Keywords: Non-performing loan reduction; structural reform; regulatory reform; mortgage loan; Japan.
'' Progress in the European Banking Union: Integration of banking supervision and resolution systems in the Euro area ''
Takeshi Inoue, Special Research Fellow, Financial Research Center (FSA Institute)
As part of the European Banking Union in the Euro area, the European Central Bank (ECB) will directly supervise around 130 significant credit institutions under the Single Supervisory Mechanism starting from November 2014. The ECB is undergoing a comprehensive assessment prior to taking full responsibility for its supervision including a stress test which will be jointly carried out with the European Banking Authority. It attracts global attention and whether the comprehensive assessment restores the battered confidence in European banks’ balance sheets or not has been a key question among authorities and markets.

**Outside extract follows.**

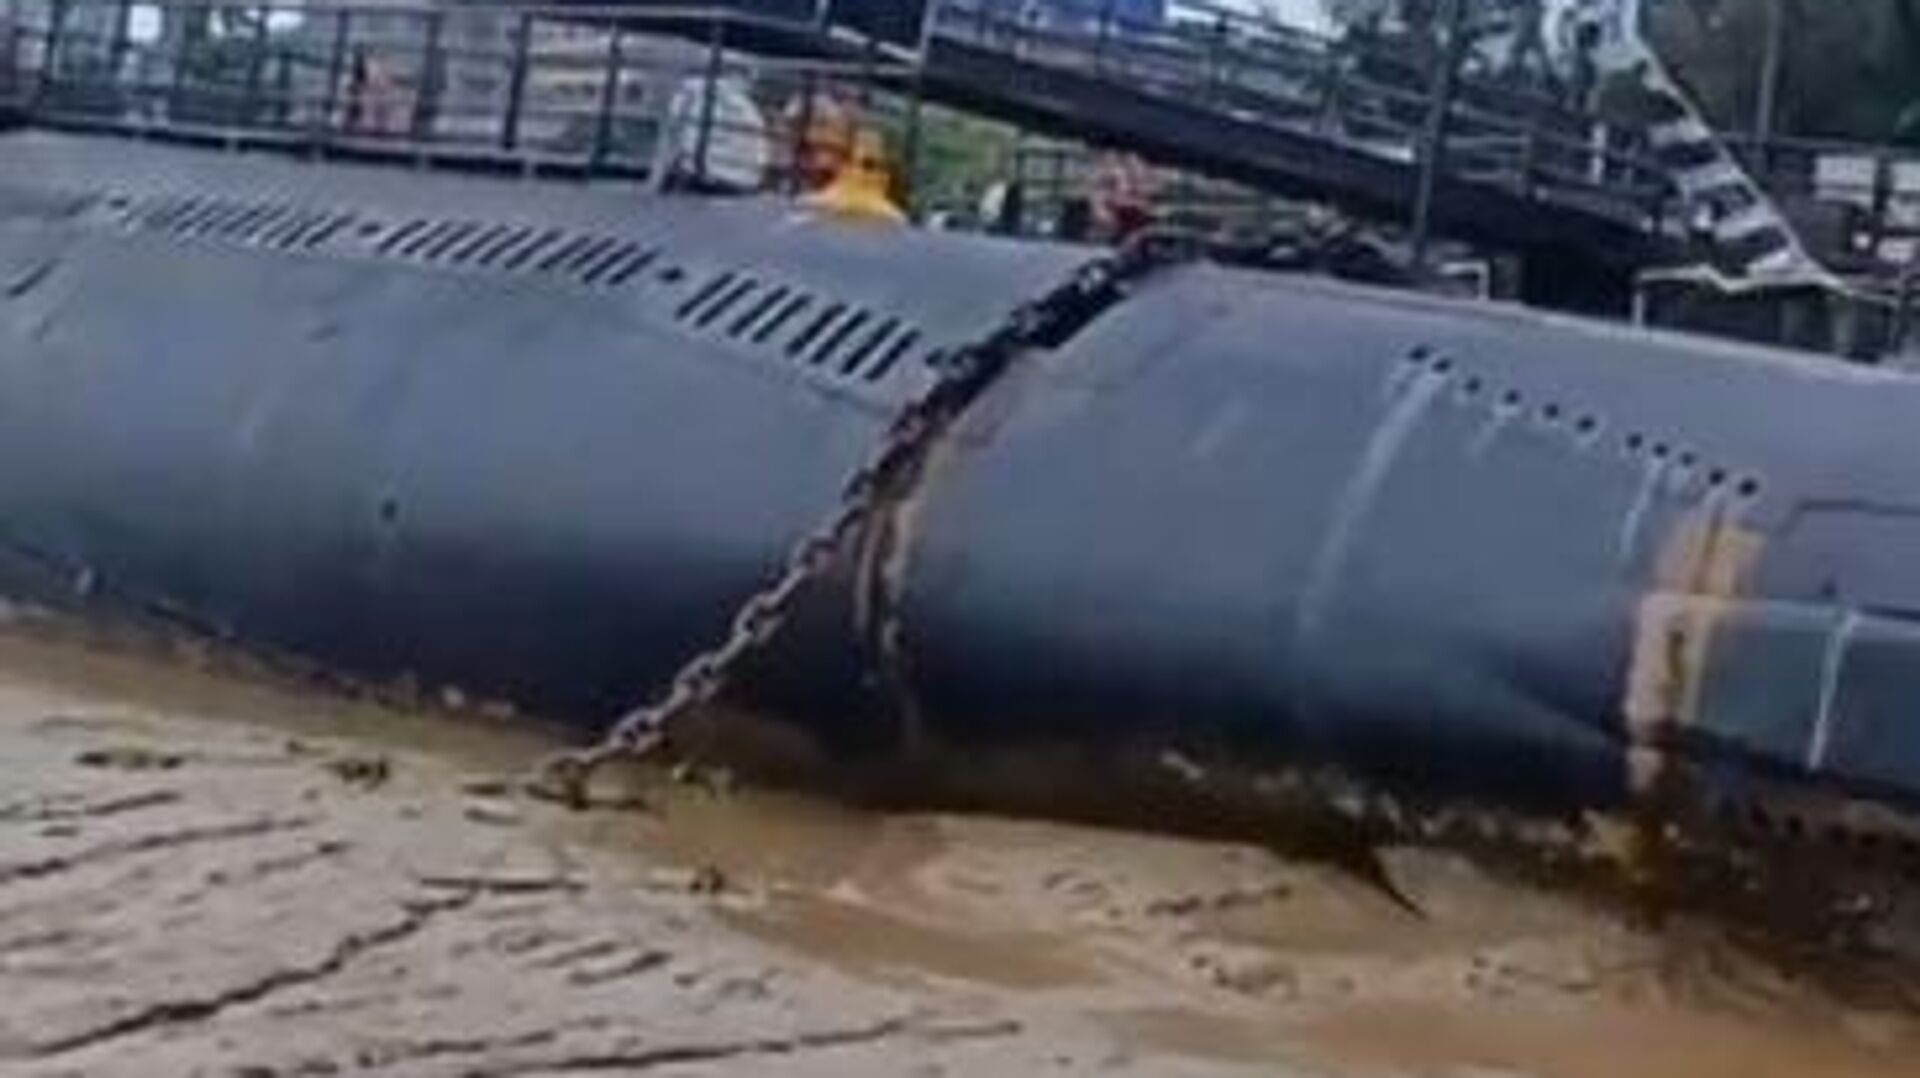  Китайская подводная лодка закончила улицу в грязи /видео/

The European Parliament and the Council of the European Union have managed to agree on a compromised text for the Single Resolution Mechanism (SRM), another pillar of the European Banking Union (EBU), after clashing on the decision making process of bank resolutions and back stop systems on 20th March 2014. Both sides had to accept a few political concessions in order to pass the legislation before the general election of the European Parliament in May.
The EU-wide Bank Recovery and Resolution Directive, which the SRM is based on, has been agreed upon in December,2013 and will be implemented in 2015. A Bail-in tool, ensuring that unsecured creditors and shareholders rather than taxpayers get first in line to pay for bank failures will be introduced in 2016.
The European Banking Union will be the greatest step ever for the EU after the introduction of the common currency the euro. Pragmatic approaches to put the stability of the Eurozone first beyond political and interstate conflicts will be the key to success and prevent disorder and over anxiety during the transition period.